Мой счет – не к евреям, мой счет к понятию, может быть, даже метафизическому. Я вижу в иудее, в семите, в израилите – как вам угодно – то, что враждебно государству, которое превыше всего. Но государство все понимает, лишь делает политичный вид, чтобы хранить свою репутацию перед европами. А европы давно раскусили эту угрозу и нам дадут сто очков вперед. Но час уже близок и, коль государство захочет уцелеть на земле, оно перестанет играть в арбитра, сидящего на своем Олимпе. Однажды ему придется признать, что мы – единственная надежда агонизирующего организма.
Женечка ни разу не вторгся в этот стремительный монолог, но тут он не сумел удержаться:
– Вы думаете, что арбитр холоден? Однажды мне встретилось у
Мандельштама… как это… “страшная государственность – как печь, пышущая льдом”.
– Вот именно! Чисто семитский образ! Вечная ненависть к государству, которое будто на них посягает. На их персональную тайную жизнь. На их сомнение. На их старчество – они ведь родятся стариками!

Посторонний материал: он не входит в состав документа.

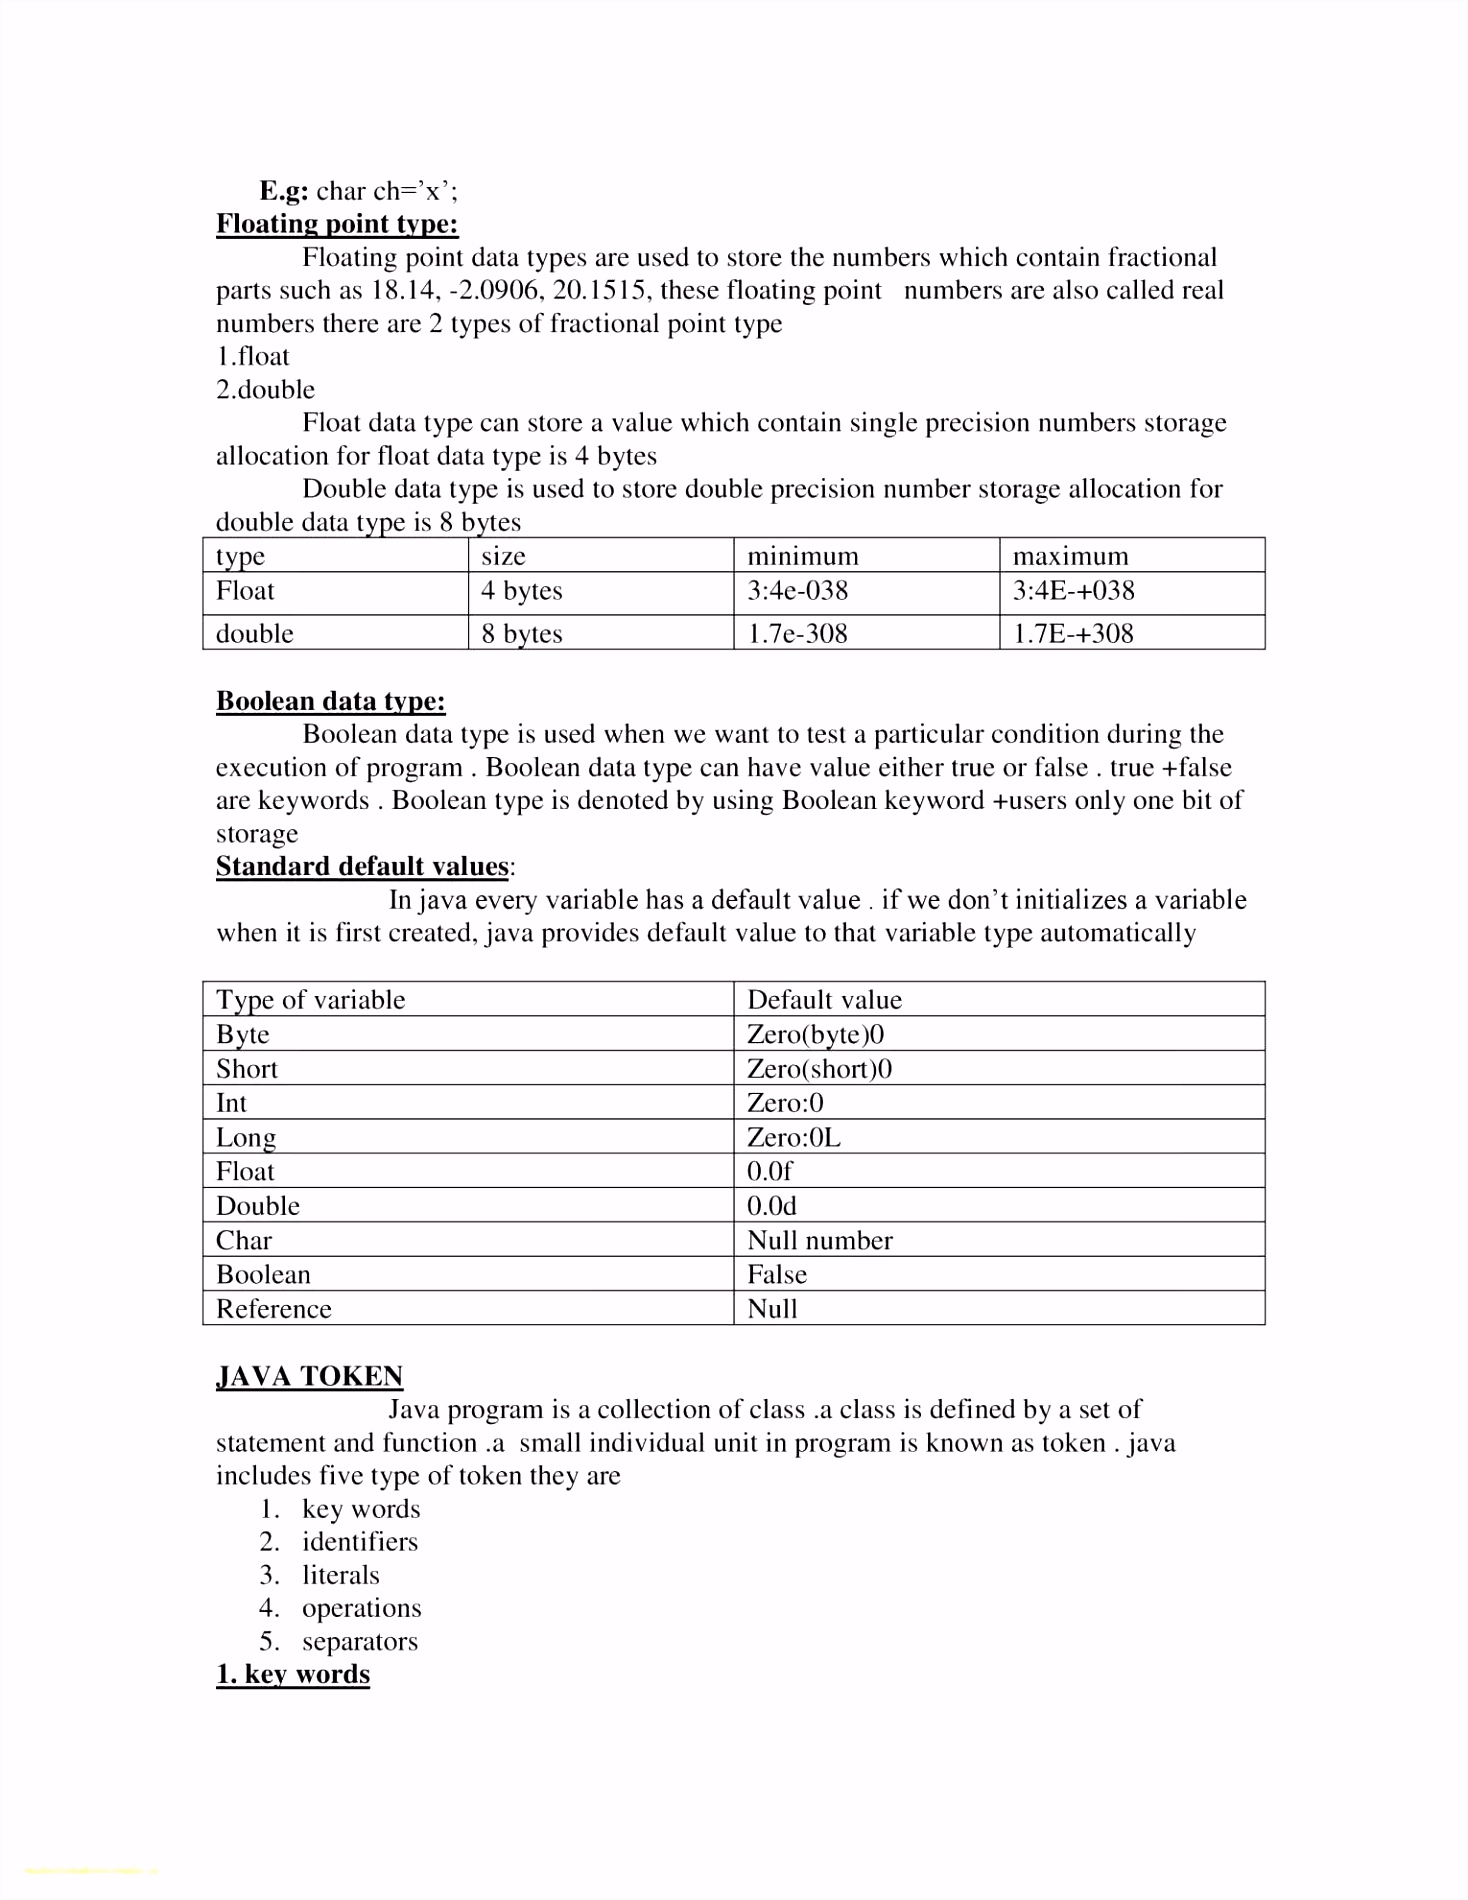 Project Schedule Gantt Chart Excel Template Heritage Spreadsheet
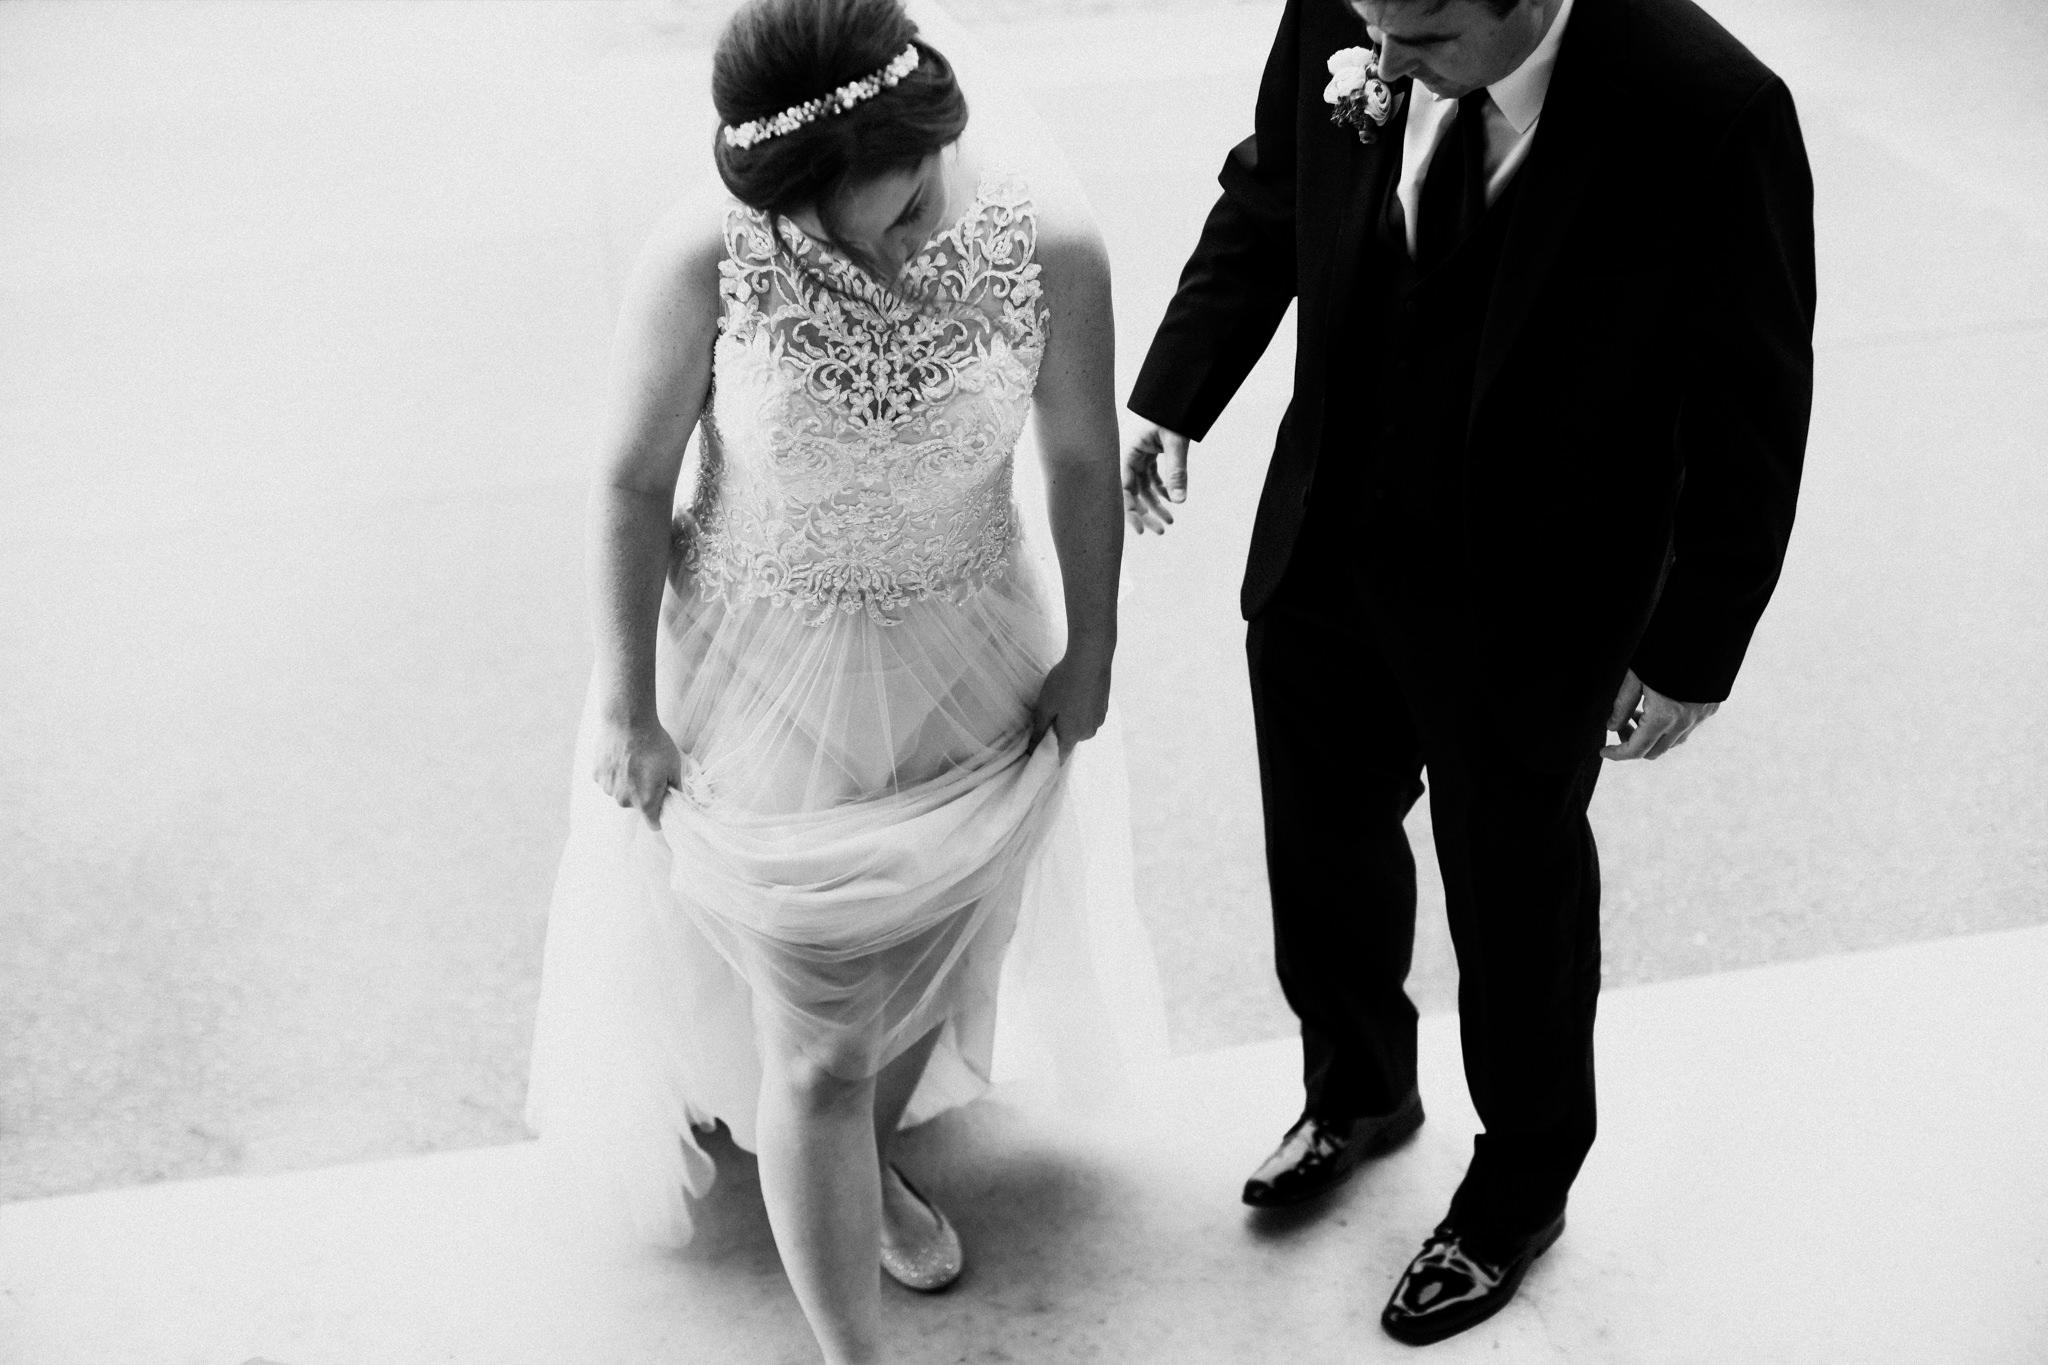 memphis-wedding-photographer-cassie-cook-photography-5.jpg

Голубчик, ради бога, не умствуйте. Умствовать – это мое занятие. Я – древний сушеный гриб, мне положено, а ваше дело – быть юным и страстным.
“Черт меня дернул блеснуть цитаткой!” – подумал Женечка и спросил:
– Кто же сохранит государство?
– Спасут его жесткие дирижисты. Спасет его, – сказал Ростиславлев, – еще одно меченое словцо. Тоже пристрелянная мишень. Однако оно неуязвимо – компрометация тут невозможна – и слово это пребудет свято. Имею в виду национализм, но, разумеется, не вульгарный, захватанный, низведенный до воплей, а исторический национализм.
Греков задумчиво повторил, точно на ощупь пробуя слово:
– Ис-тори-ческий. Исторический? Что это значит в таком сочетании?
Ростиславлев торжественно отчеканил:
– Предопределенный историей нашей национальной судьбы, выкованный и завещанный ею, врученный как дорогое наследство. Рассматривающий биографию нации как ответ на исторический вызов, к ней обращенный и ею воспринятый.